On 2 August 2023, the Commonwealth Ombudsman published a terse report outlining its findings after an investigation into the lawfulness of ‘income apportioning’ — a method of debt calculation used by Australian welfare agencies DHS and DSS since at least 2003 (ie, for more than 17 years).
As the Report states, this process, as it turns out — after all these years! — is unlawful. This is an astonishing finding, and all the more so in the wake of the Robodebt Royal Commission. While the Ombudsman, and relevant ministers of the current government, have been at pains to distinguish the so-called section 1073B error from the robodebt error, my provisional analysis has led me to conclude that the two are not just linked or overlap but are intrinsically interwoven.
Of course, the Ombudsman is no court; and the statement that so many debts are unlawful is — though informed by legal advice of the agencies and no doubt its own legal analysis — far from the final word on the matter. Indeed, that is really at the heart of the issue. The matter is far from resolved.
Whenever I have had any time over the last 10 days, I have been following up on this extraordinary development.
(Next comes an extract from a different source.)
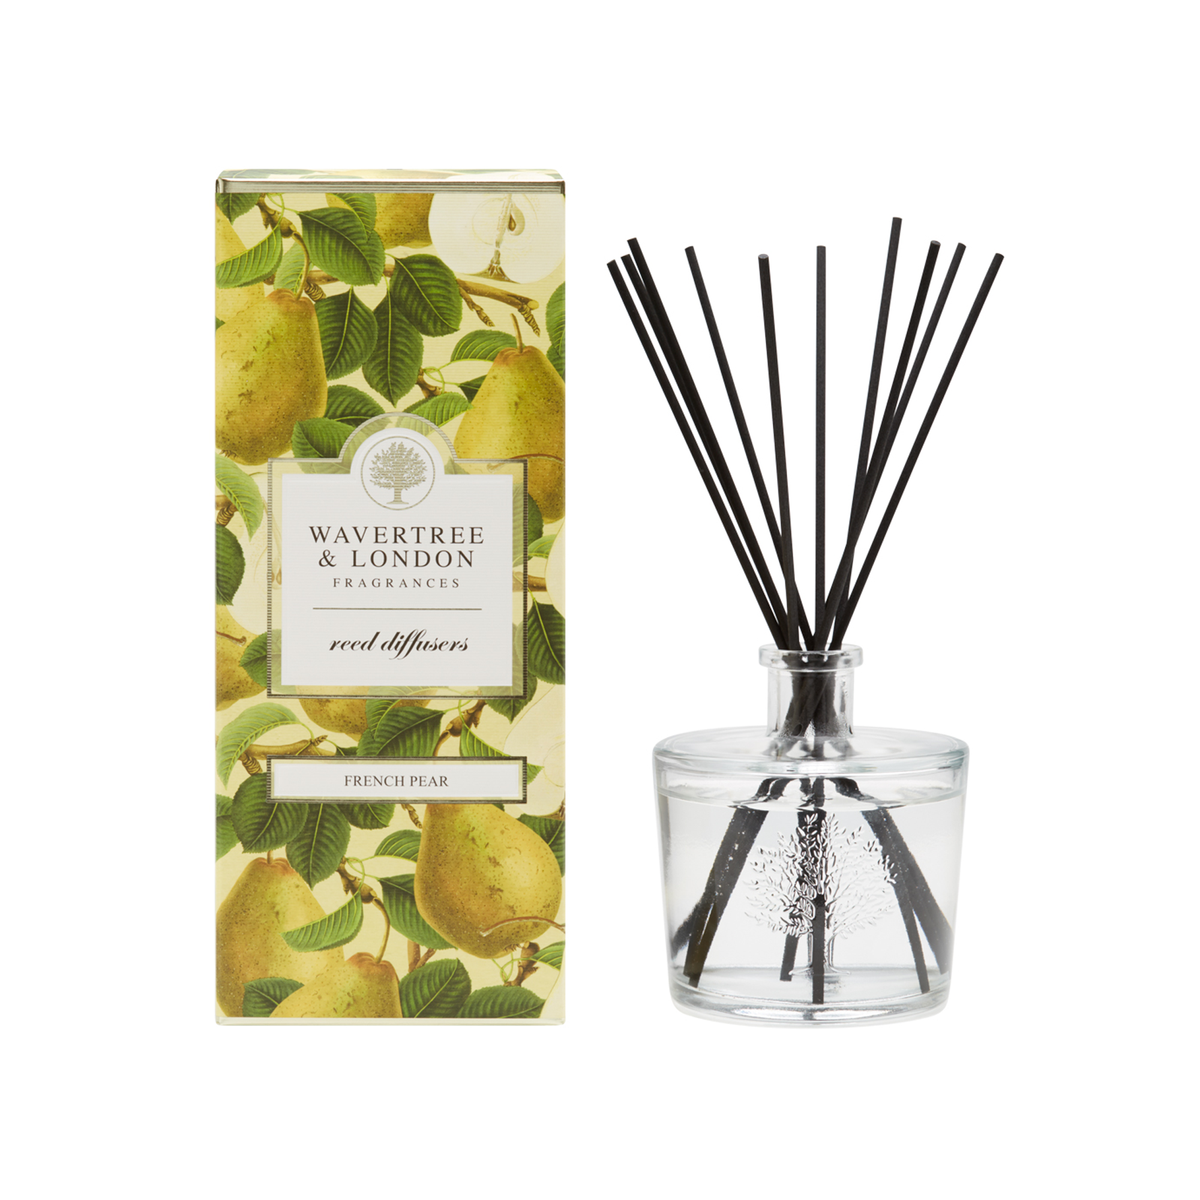 Wavertree & London "French Pear" Fragrance Diffuser

I have made two long videos: one reviewing the report (1hr 40 mins) and one (around 90 minutes) that speculates on why the Ombudsman has so clearly said that so many debts calculated under s 1073B of the Social Security Act 1991 (Cth) are unlawful.
The two of them are here:
I have also now written a detailed blog post on my research so far on my Welfare Law in Australia substack site here. I extract the first few paragraphs below but encourage interested readers to explore the full text on the substack.
Firstly, in the context of the legal advices the agencies have received, and in view of the fact that the Ombudsman states the practice is unlawful, the Report recommends that Services Australia (SA) and the Department of Social Security (DSS) should obtain a declaration of the law. It makes this recommendation in two parts, as recommendation 1A and 1B.
Notably, this first recommendation refers not only to the way in which the agencies have historically calculated the debts, but also to the way they have calculated the debts since 2021, when the Ombudsman first brought the matter to the agencies’ attention. Since that time, the agencies have developed a position or form of guidance contained in the so-called General Instructions that directs decision-makers about how to putatively lawfully calculated social security entitlements prior to December 2020. However, because there has not been any legal declaration on this guidance, nor on the original, pre-Guidance calculation method, the first recommendation asks the agencies to get that clear advice on both methods.
— 1A: SA and DSS should seek the opinion of the Solicitor-General (SG) through a referral under Law Officers Act 1964 (Cth).
— 1B: SA and DSS should seek a Federal Court of Australia ‘opinion’ through referral by the Administrative Appeals Tribunal (AAT) under the Administrative Appeals Tribunal Act 1975 (Cth).
Before we move on, it is worth looking at the legal provisions underlying these recommendations.
The referral to the SG is said to be authorised by the AG under the Law Officers Act 1964 (Cth) (‘LO Act’) but, as is common in brief Reports of this nature, the Report does not name the section authorising this action.